Junction table linking benchmarks to questions with benchmark-specific metadata like answer templates, completion status, and question-specific rubrics.

Source code in src/karenina/storage/models.py
class BenchmarkQuestionModel(Base):
    """Database model for benchmark-question associations.

    Junction table linking benchmarks to questions with benchmark-specific metadata
    like answer templates, completion status, and question-specific rubrics.
    """

    __tablename__ = "benchmark_questions"

    id: Mapped[int] = mapped_column(primary_key=True, autoincrement=True)
    benchmark_id: Mapped[int] = mapped_column(ForeignKey("benchmarks.id", ondelete="CASCADE"), nullable=False)
    question_id: Mapped[str] = mapped_column(ForeignKey("questions.id", ondelete="CASCADE"), nullable=False)
    template_id: Mapped[str] = mapped_column(String(32), nullable=False)  # MD5 of template or "no_template"

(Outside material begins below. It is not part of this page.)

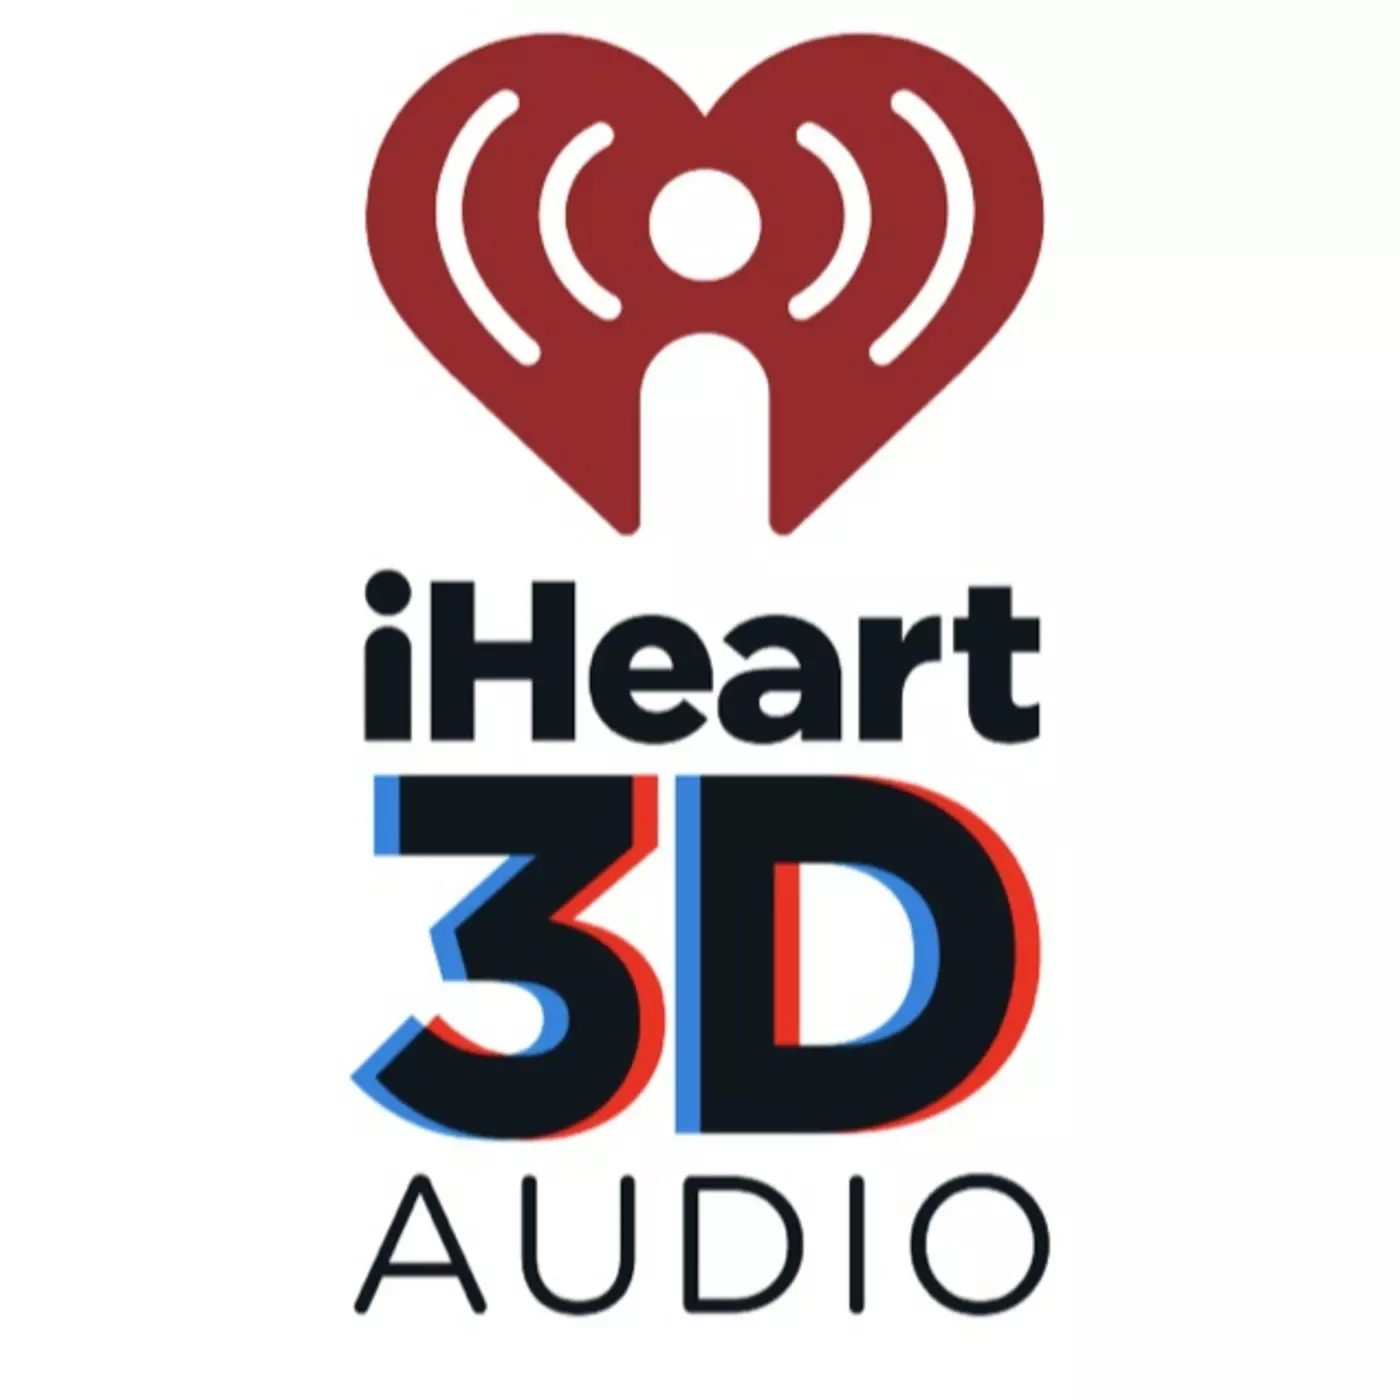 iheart-3D-audio-logo.webp
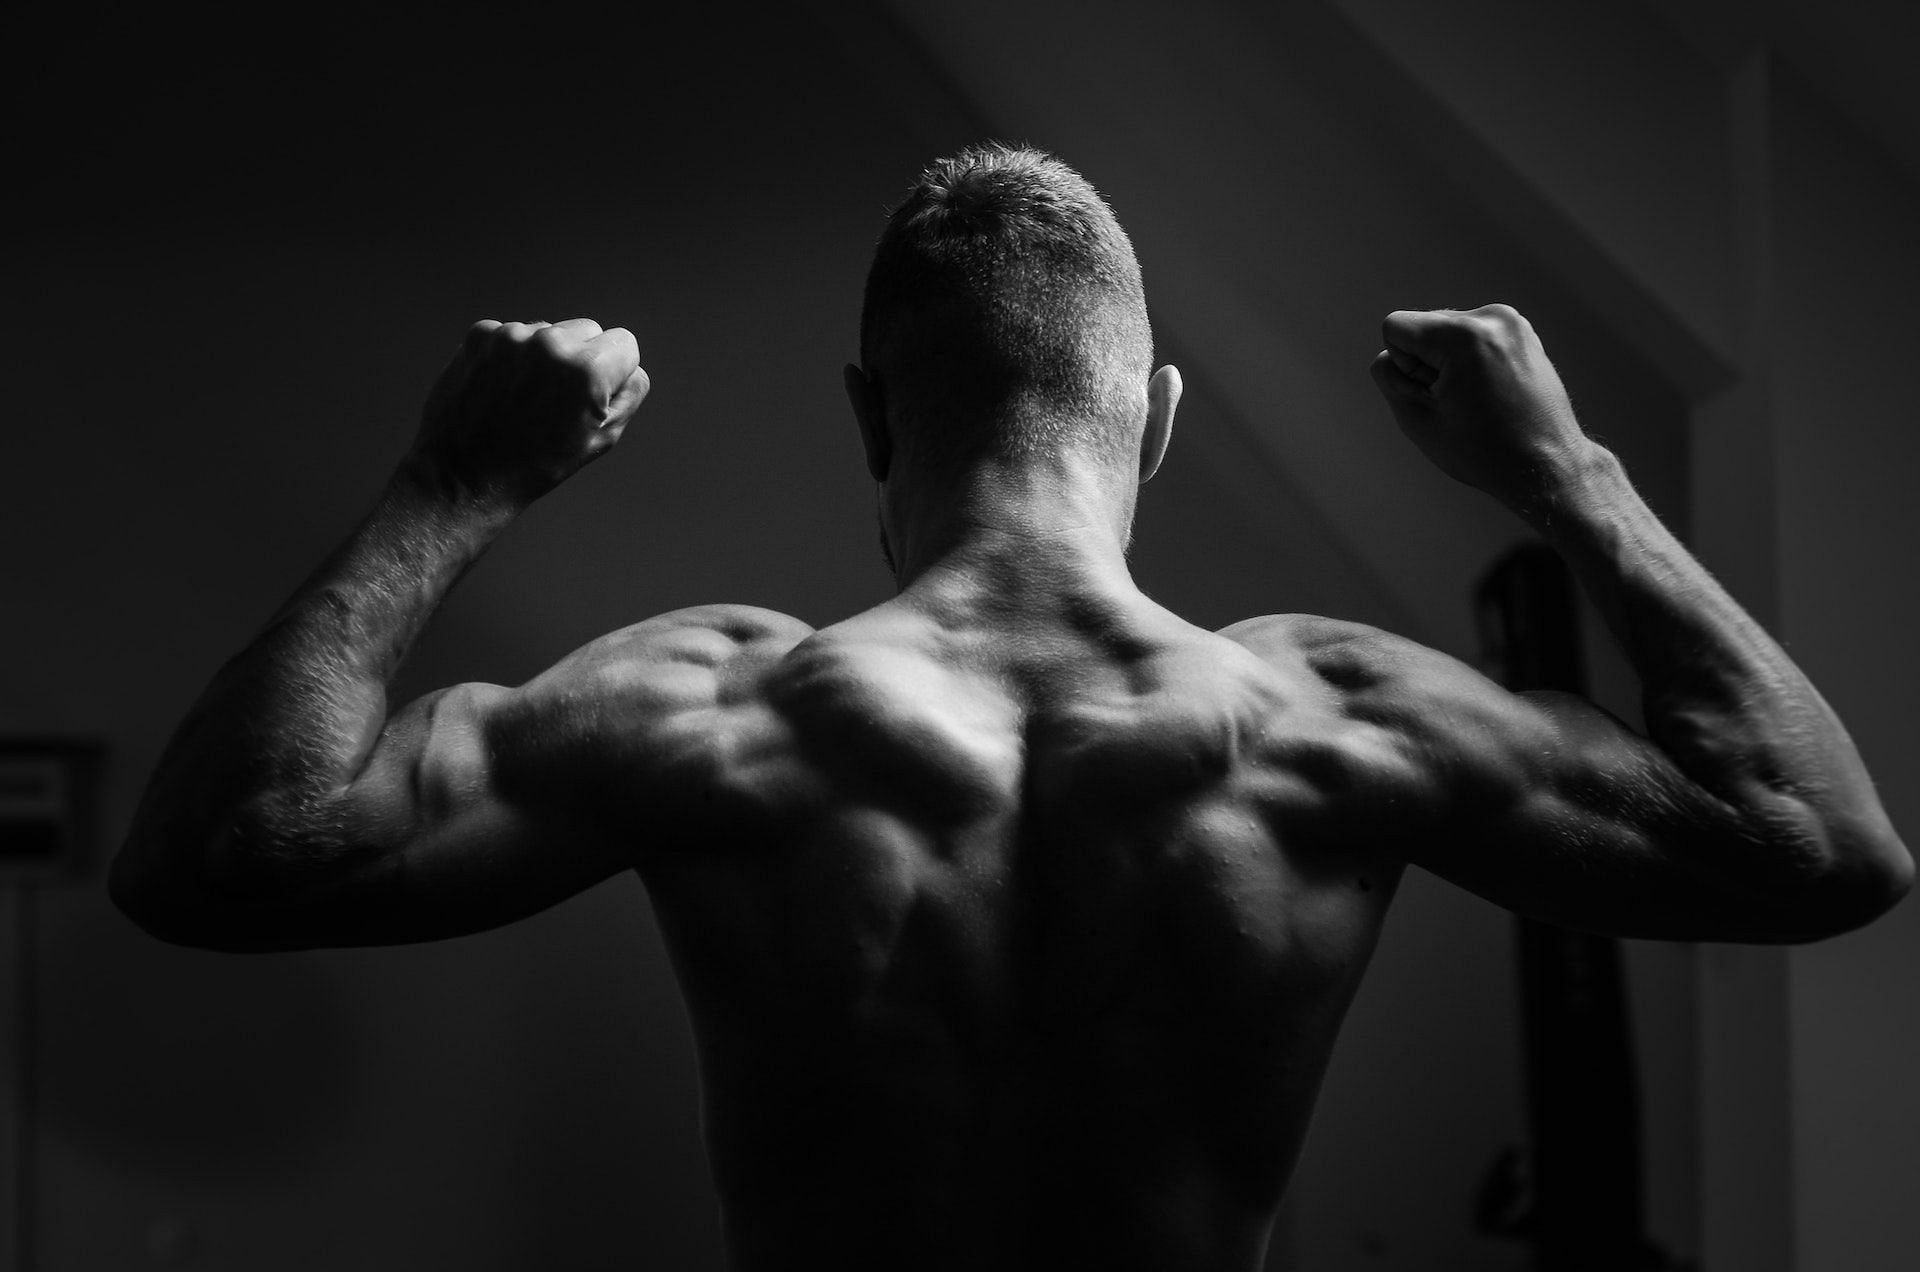 Latissimus dorsi exercises develop back strength and size. (Photo via Pexels/Adrian Stancu)

    # Benchmark-specific question data
    answer_template: Mapped[str | None] = mapped_column(Text, nullable=True)
    original_answer_template: Mapped[str | None] = mapped_column(Text, nullable=True)
    finished: Mapped[bool] = mapped_column(Boolean, default=False, nullable=False)
    keywords: Mapped[list[str] | None] = mapped_column(JSON, nullable=True)
    question_rubric: Mapped[dict[str, Any] | None] = mapped_column(JSON, nullable=True)

    # Timestamps
    created_at: Mapped[datetime] = mapped_column(DateTime, default=lambda: datetime.now(UTC), nullable=False)
    updated_at: Mapped[datetime] = mapped_column(
        DateTime, default=lambda: datetime.now(UTC), onupdate=lambda: datetime.now(UTC), nullable=False
    )

    # Relationships
    benchmark: Mapped["BenchmarkModel"] = relationship("BenchmarkModel", back_populates="benchmark_questions")
    question: Mapped["QuestionModel"] = relationship("QuestionModel", back_populates="benchmark_questions")

    # Constraints
    __table_args__ = (
        UniqueConstraint("benchmark_id", "question_id", "template_id", name="uq_benchmark_question_template"),
        Index("idx_benchmark_finished", "benchmark_id", "finished"),
    )

    def __repr__(self) -> str:
        """String representation."""
        return f"<BenchmarkQuestion(benchmark_id={self.benchmark_id}, question_id='{self.question_id}', finished={self.finished})>"

ImportMetadataModel

Bases: Base

Database model for tracking verification result imports.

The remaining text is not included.